造花街・吉原の陰謀

15:新たな一手

 明依は着物をきちんと着る事もせずに考え込んでいた。
 終夜が暮相という人間を語った時の様子は、意図的なのか自然と出たものなのか。こんな状況になってしまったのなら、気持ちの落としどころを見つけたかった。その責任の割合が一体互いにどれだけあるのか。そしてあわよくばその責任、過失とも言える大半を終夜に押し付けたいと思っている事は、この期に及んで否定しない。

「立てないなら、運んであげようか」

 立ち上がった終夜は、明依に手を差し出した。いつものあの、飄々とした態度で。
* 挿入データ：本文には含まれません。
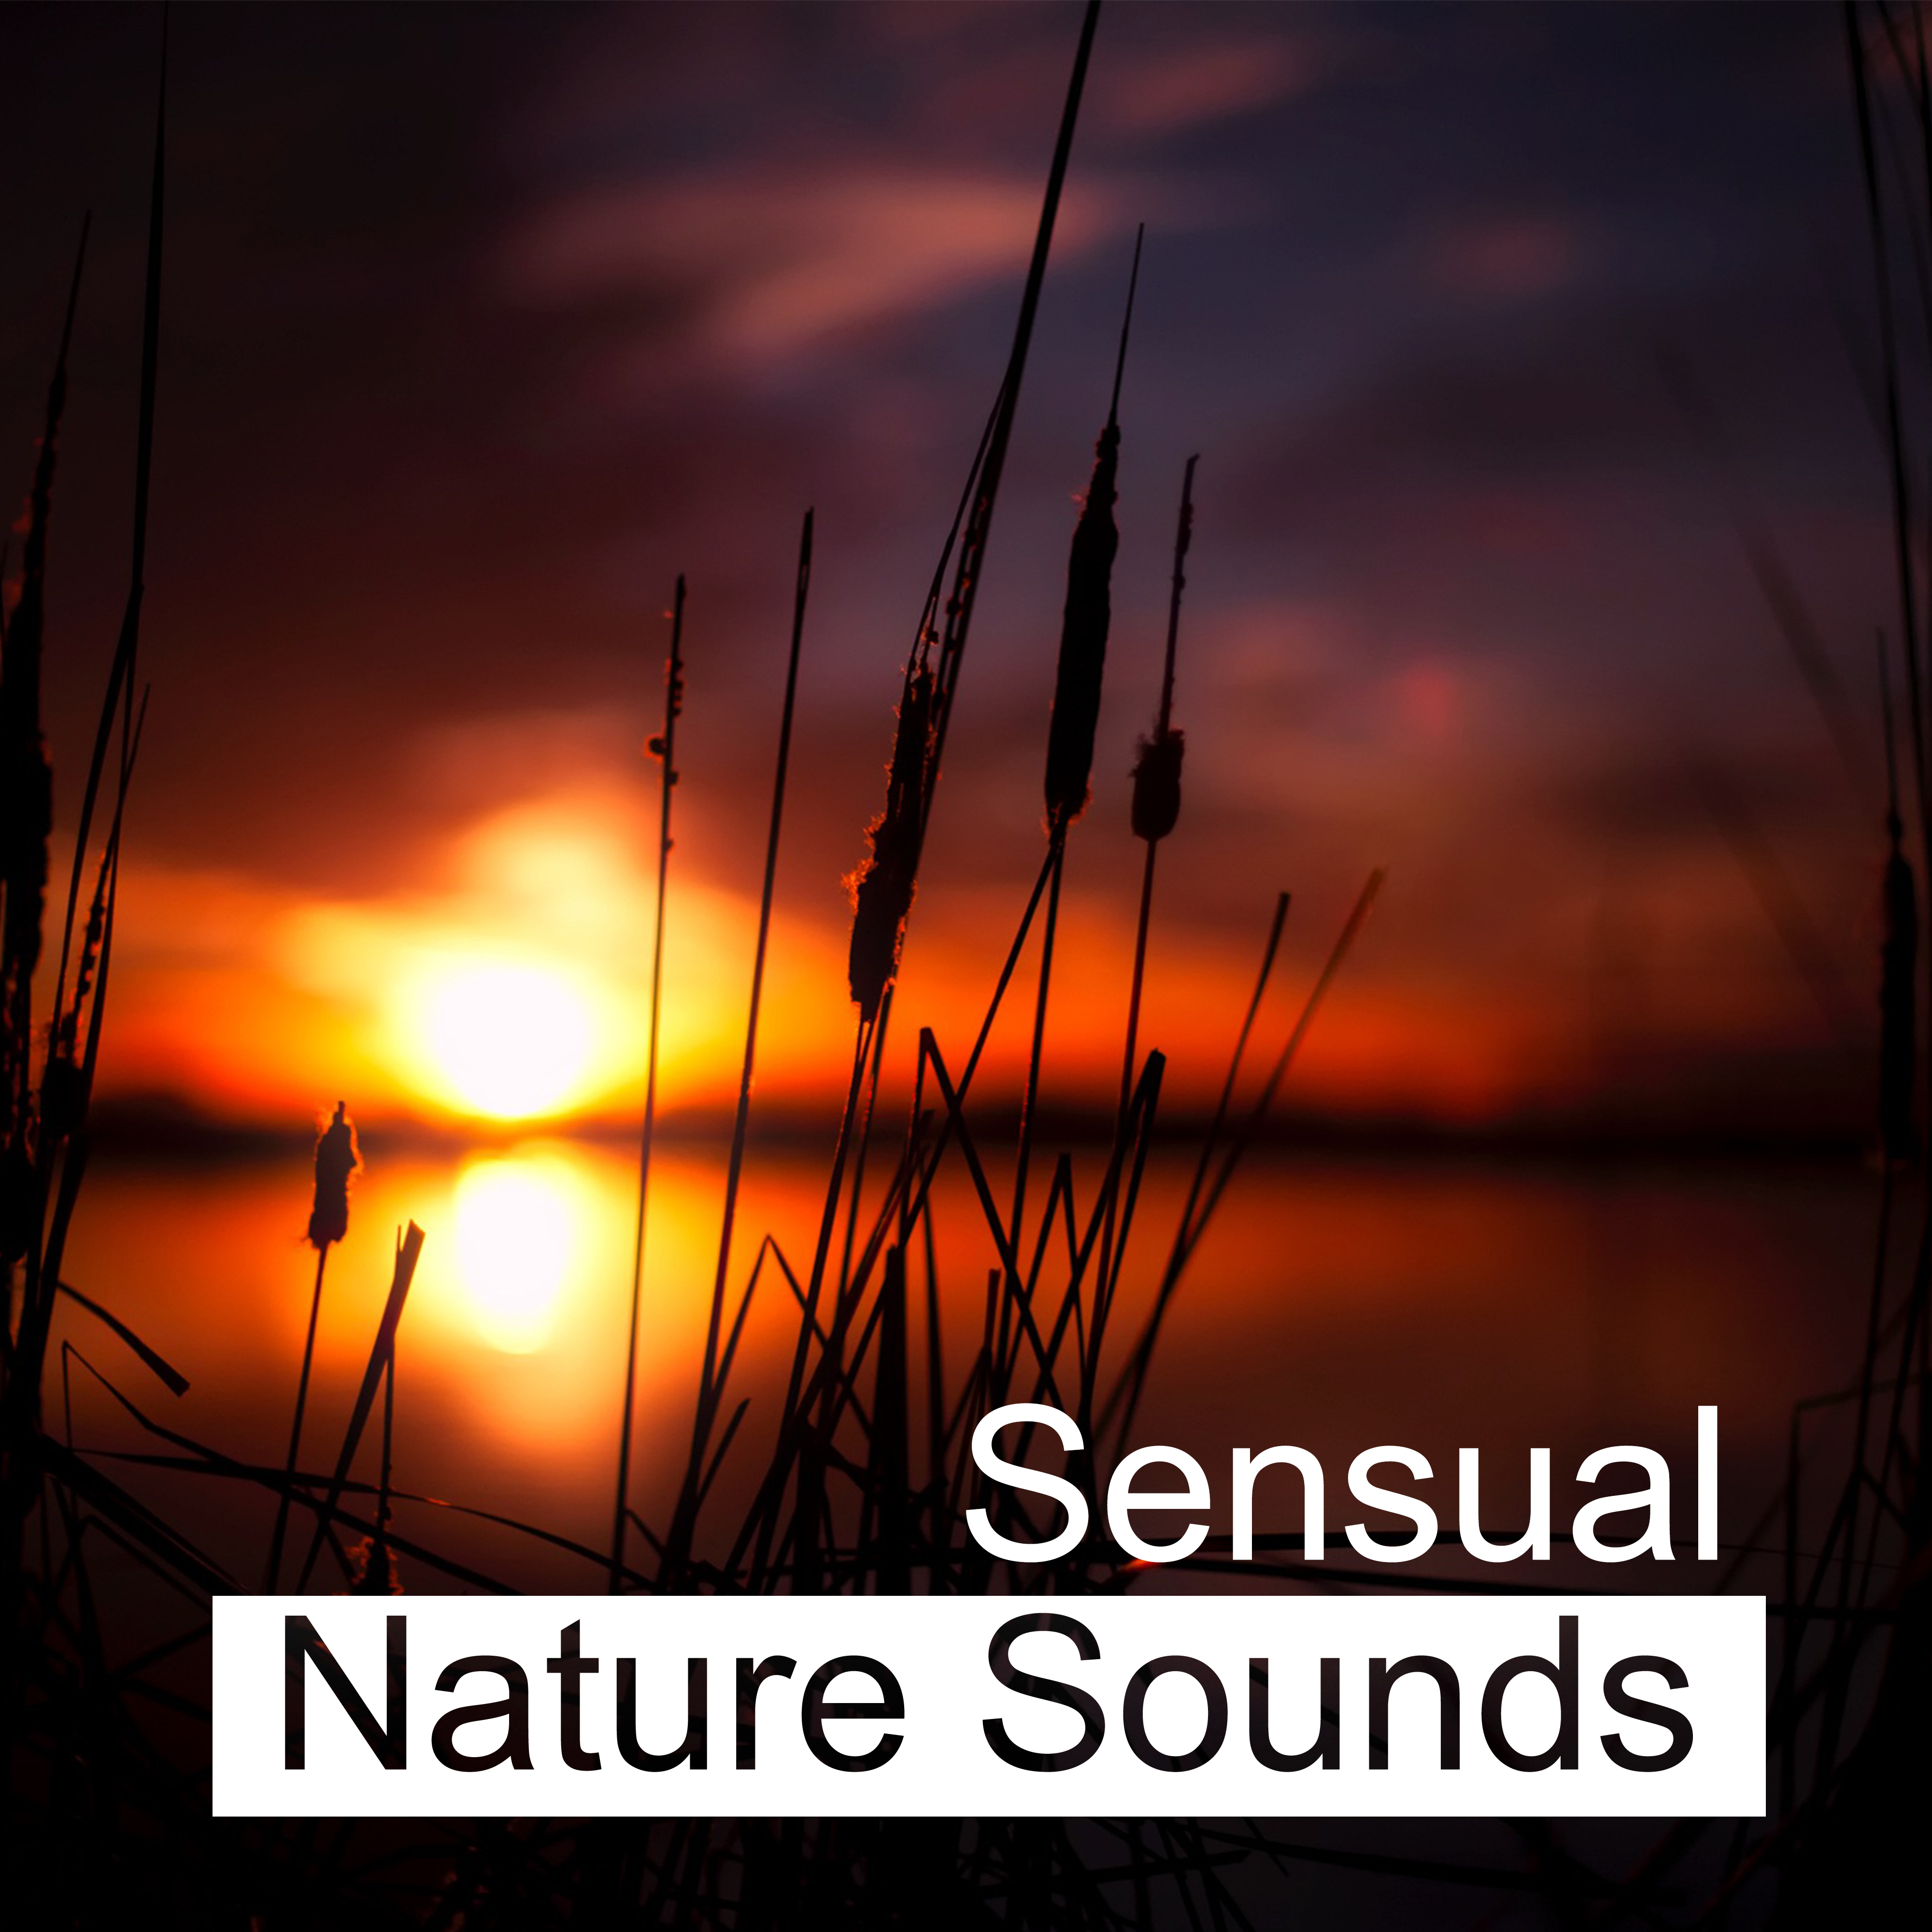 Sensual Nature Sounds – Calming Waves, Harmony Soul, Inner Silence, Peaceful Sounds to Rest, New Age Music

先ほどまでの今にも消えてしまいそうな儚さは、一片たりとも残っていなかった。

 その態度が、不透明に見せていた霧を掻き消した気がした。年が近い終夜と普通の会話をしたことで、旭の事を思い出して距離感が狂ってしまったんだと思う。

 だから、一緒にいるなんて口走った。
 明確な理由なんてわからない。

 ただ、強いて言うのであれば無意識よりももっと深い所で、旭や日奈の様な〝友達〟という関係が欲しかったのだと思う。
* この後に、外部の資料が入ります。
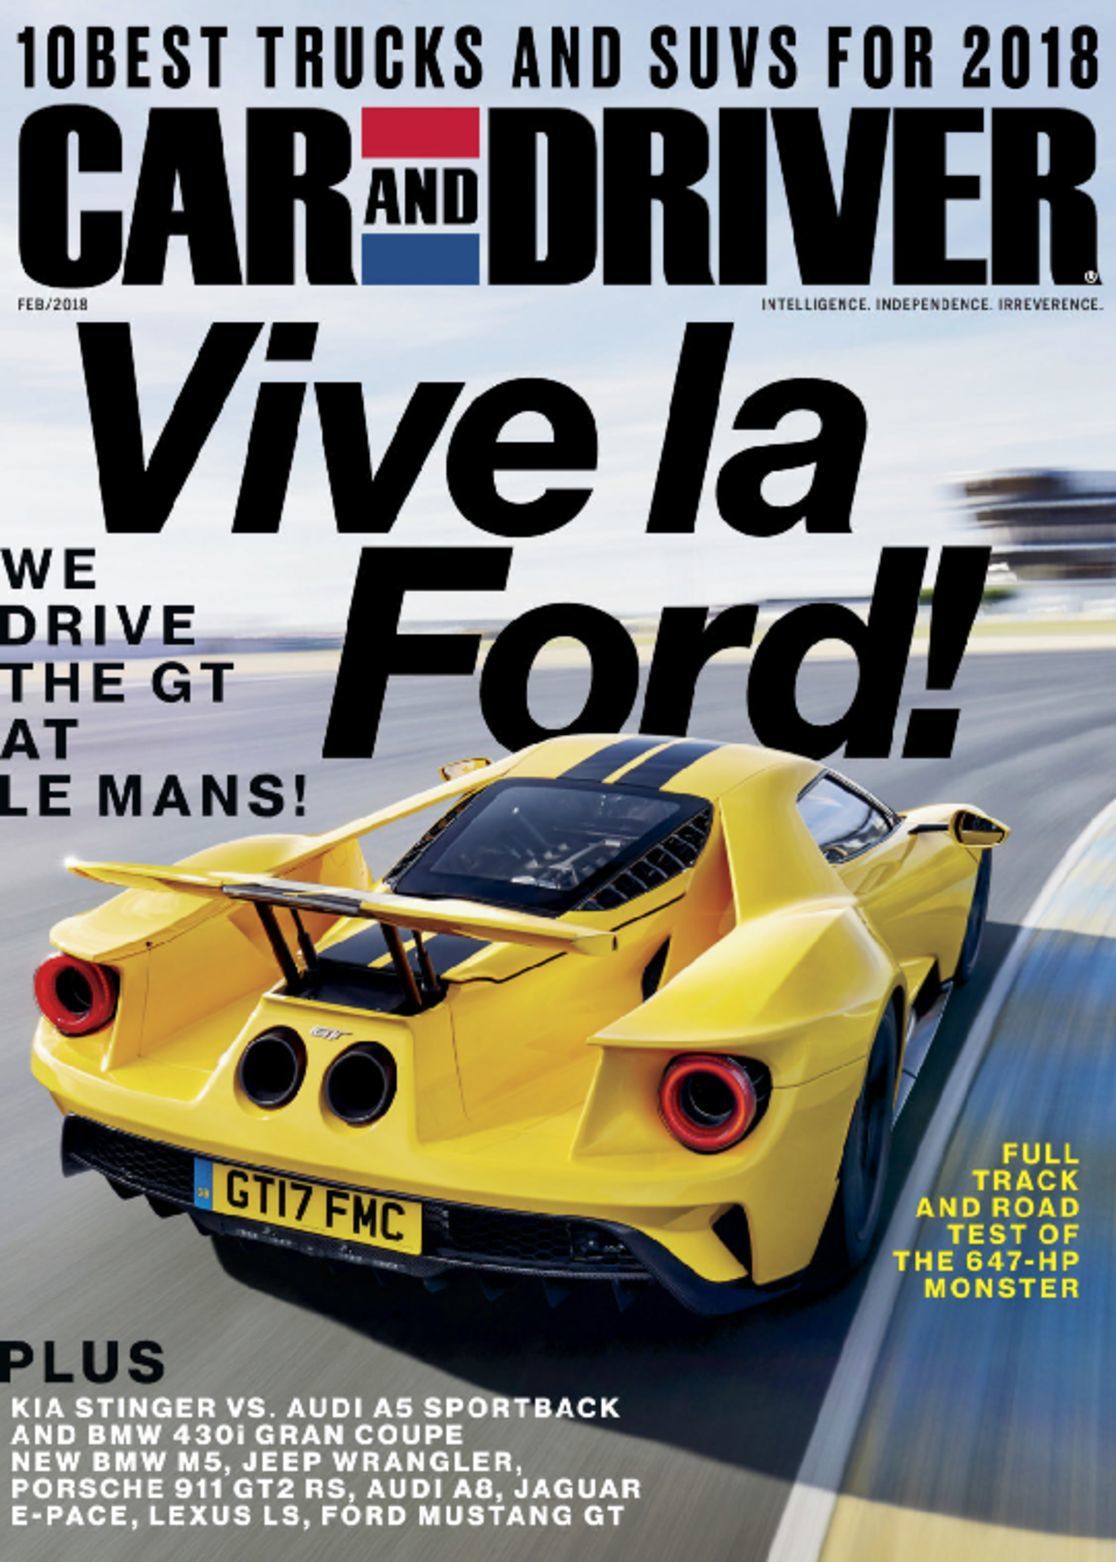 Car And Driver Magazine Intelligence Independence Irreverence

 そしてあの瞬間、この例えようのない寂しさに寄り添ってくれると思った。旭と日奈が死んだ苦しみが終夜に理解できなくてもきっと、思い出はいつだって目が眩むほど綺麗なものだから。

 自分が嫌になる。今回も考えなしの行動が招いた結果で、そしてもう取返しが付かず、自分自身の首を絞める事になった。今回のこの流れは一体、どこからこの男の思惑通りだったのか。

「バカにしないで」
「あれ、もう戻っちゃったの?さっきまではあんなに優しくて、しおらしくて、よかったのに」

 何がよかった、だ。都合がよかった、の間違いでしょ。と明依は顔を逸らして、終夜が整えた着物が再び乱れる事も気にせずに、傍らに放り投げられていた帯を掴んで立ち上がると窓辺に移動した。

「外から見えちゃうよ」

 終夜は明依の腰に手を添えて明依の顔のすぐ横から手を伸ばすと、風の入り込む隙間を残して障子窓を閉めた。

 明依は振りほどきたい衝動をぐっとこらえて、深く深呼吸をした。悔しさや怒りでどうにかなってしまいそうだ。明依は帯を持っている手を強く強く握りしめた。

「アンタの心の内にある宵がいるポジションは、替えが利く」

 確かに感情は混ざり合って渦を巻いていたはずなのに、終夜の一言で強引に負の感情から〝思考〟へと脳内情報が書き換えられる。嫌という程、申し訳ないと思う程わかっているから、もうこれ以上、暴かないで。

 愛だの恋だの、そんなモノの定義なんて知らない。しかし旭に想いを寄せていた時、見返りを求めた事なんてなかった。旭が心から笑っていられるなら、幸せだと思っていてくれるなら、日奈を好きでいる事も受け入れられた。そんな感情を誰かに向ける事を純愛と仮定するなら、宵に向けている感情はその対極にある。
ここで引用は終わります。